Евгений Евтушенко - Волчий паспорт Страница 62
Евгений Евтушенко - Волчий паспорт читать онлайн бесплатно
Кто знает, может быть, и у Поликарпова были подобные моменты, но я не был их свидетелем. Впрочем, однажды я был свидетелем его унизительного поражения. Это было осенью 1967 года. Я должен был ехать на месяц по приглашению университета Сантьяго де Чили, но перед этим по пути остановиться на три дня в Копенгагене для поэтического вечера по приглашению компартии Дании. И тут произошла классическая ситуация — меня вызвал Поликарпов.
— Что это за поездка? — раздраженно спросил он. — Какое отношение Дания имеет к Чили?
— Это по пути, — насколько можно терпеливей объяснил я.
— Мало ли что по пути. Вот побываешь в Чили, возвратишься домой, а потом уже и в Данию… Разъездились…
В психологии Поликарпова, человека, воспитанного и воспитывавшего других во времена железного занавеса, такая, нормальная для нормального человека, поездка была непредставимой.

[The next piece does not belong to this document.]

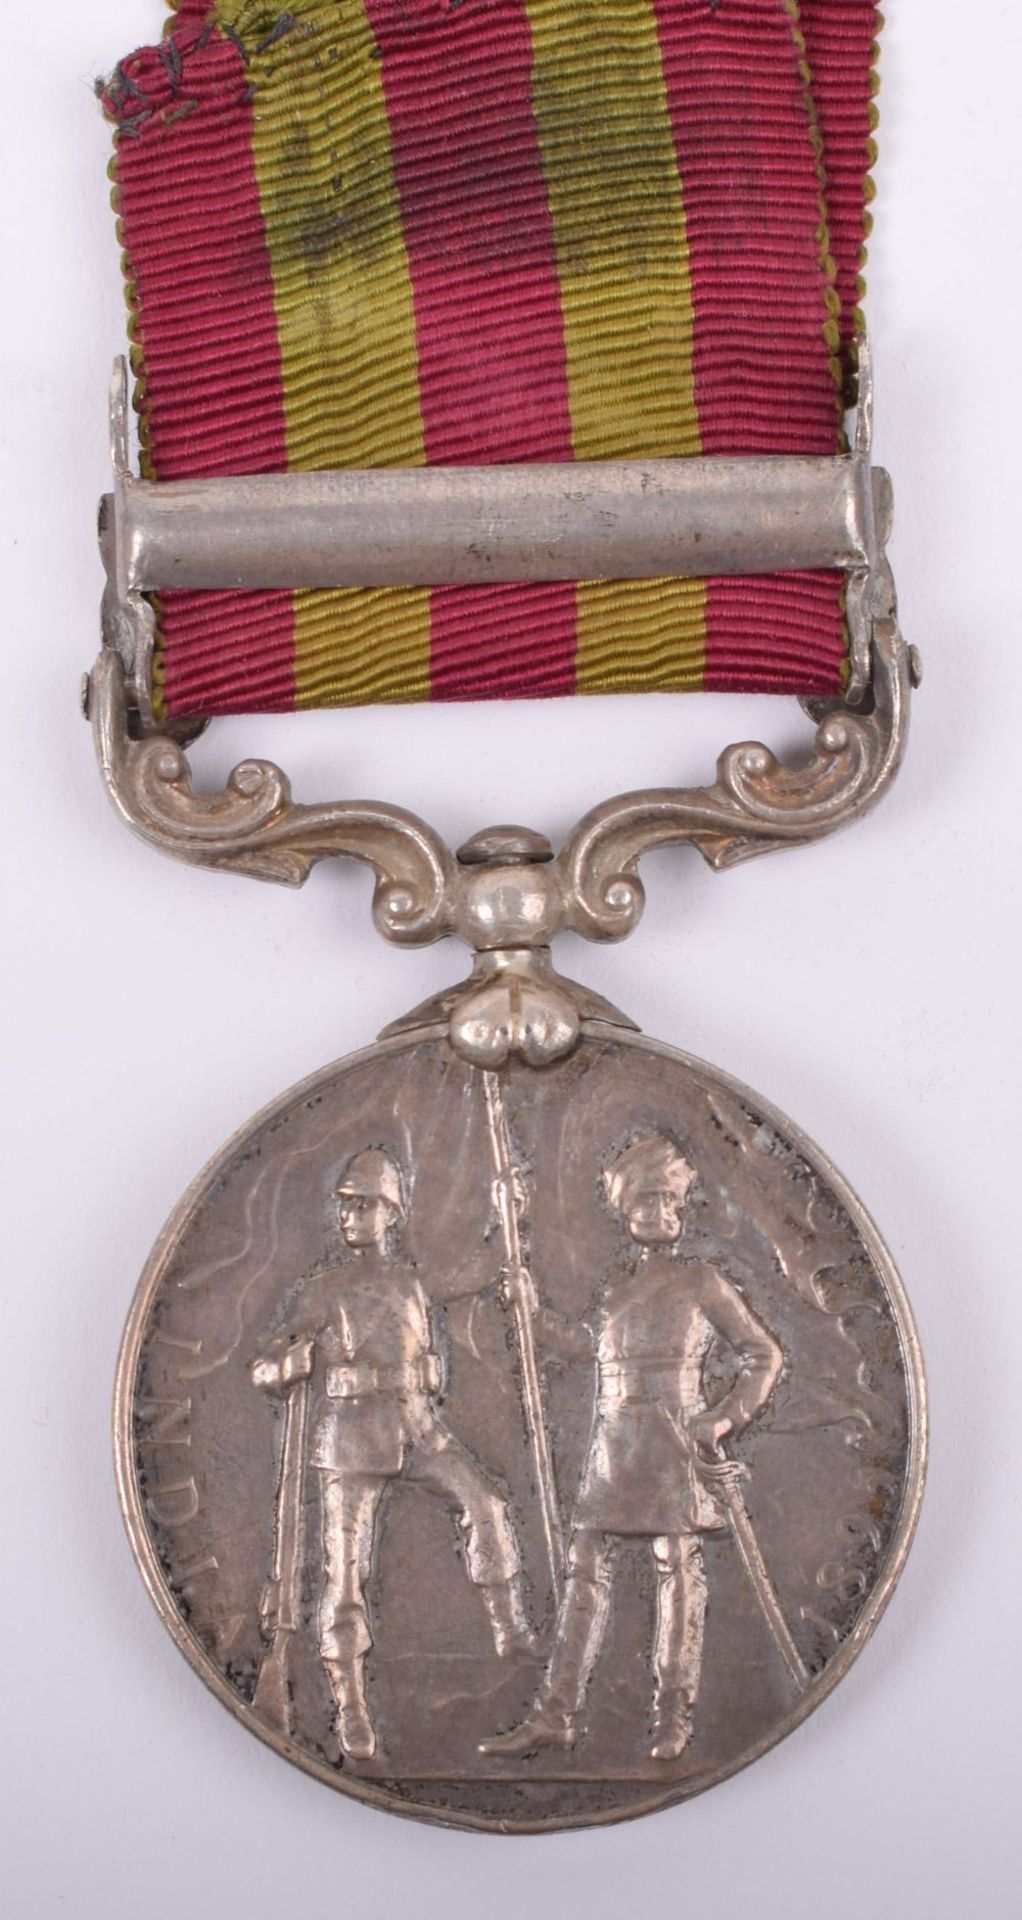 Indian General Service Medal 1895-1902 Argyll & Sutherland Highlanders - Image 4 of 6

— В общем, есть такое мнение — и не только мое — в Данию тебе сейчас ехать не резон, — твердо заключил Поликарпов. — Обойдешься.

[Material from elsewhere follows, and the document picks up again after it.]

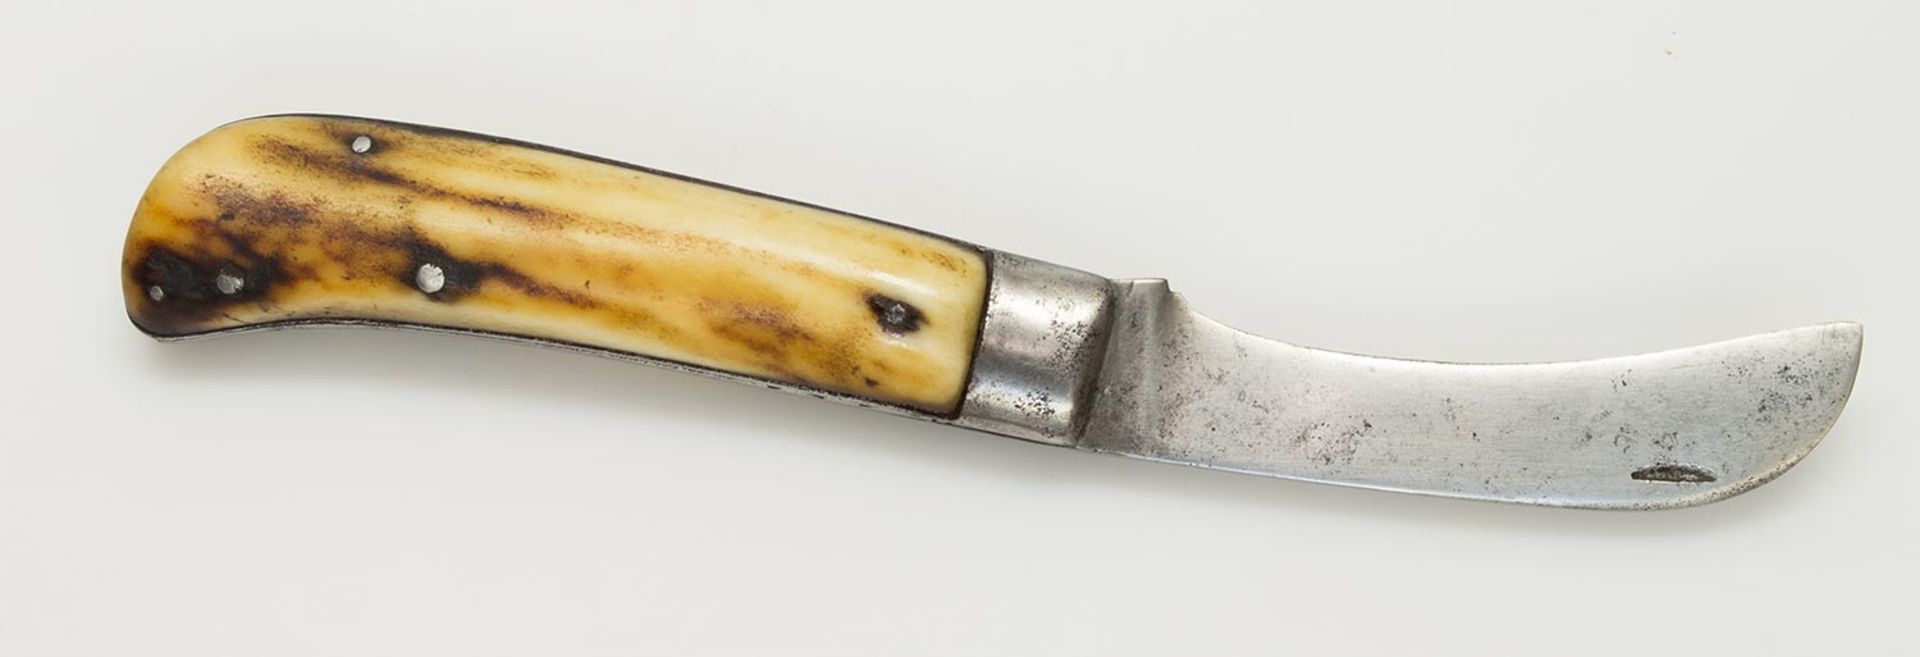 Jagd-KlappmesserFrankreich um 1900, Horngriffschalen, Rücken mit gefeilter Verzierung, L. 11,5 cm

— Дмитрий Алексеевич, но ведь у меня там послезавтра выступление. Объявлено во всех газетах, на улицах афиши. Это же компартия Дании…
— Мы с ними разберемся, — сказал Поликарпов, вставая и давая мне понять: вопрос с Данией закрыт.
Однако я не сдался. Выйдя от Поликарпова, я направился на следующий этаж, в приемную Суслова. Там стоял молодой солдат-охранник. Он узнал меня в лицо, улыбнулся и пропустил. А то ведь могли не пропустить — к членам Политбюро нужен особый пропуск. В приемной Суслова светилась, как лампада, лысина его многоопытного помощника — Воронцова. Воронцов считал себя литератором — он что-то писал о Маяковском и выпустил книгу афоризмов разных великих людей. Я как раз и застал его за этим занятием — он наклеивал на белые листы бумаги распечатанные афоризмы. Я рассказал Воронцову о моем разговоре с Поликарповым, упирая в основном на тот факт, что мой отказ остановиться на какие-то три дня в Дании может выглядеть как оскорбление датских коммунистов советской стороной и мной лично. Кроме того, добавил я, Поликарпов преподносит это как не только его мнение, а мнение руководства ЦК. Воронцов снял одну из множества телефонных трубок на столе.
— Как у нас на сегодня взаимоотношения с компартией Дании? Неплохо? Есть ли какие-нибудь противопоказания против поездок советских писателей, в частности товарища Евтушенко, по приглашению датских коммунистов? Нет? Спасибо за информацию.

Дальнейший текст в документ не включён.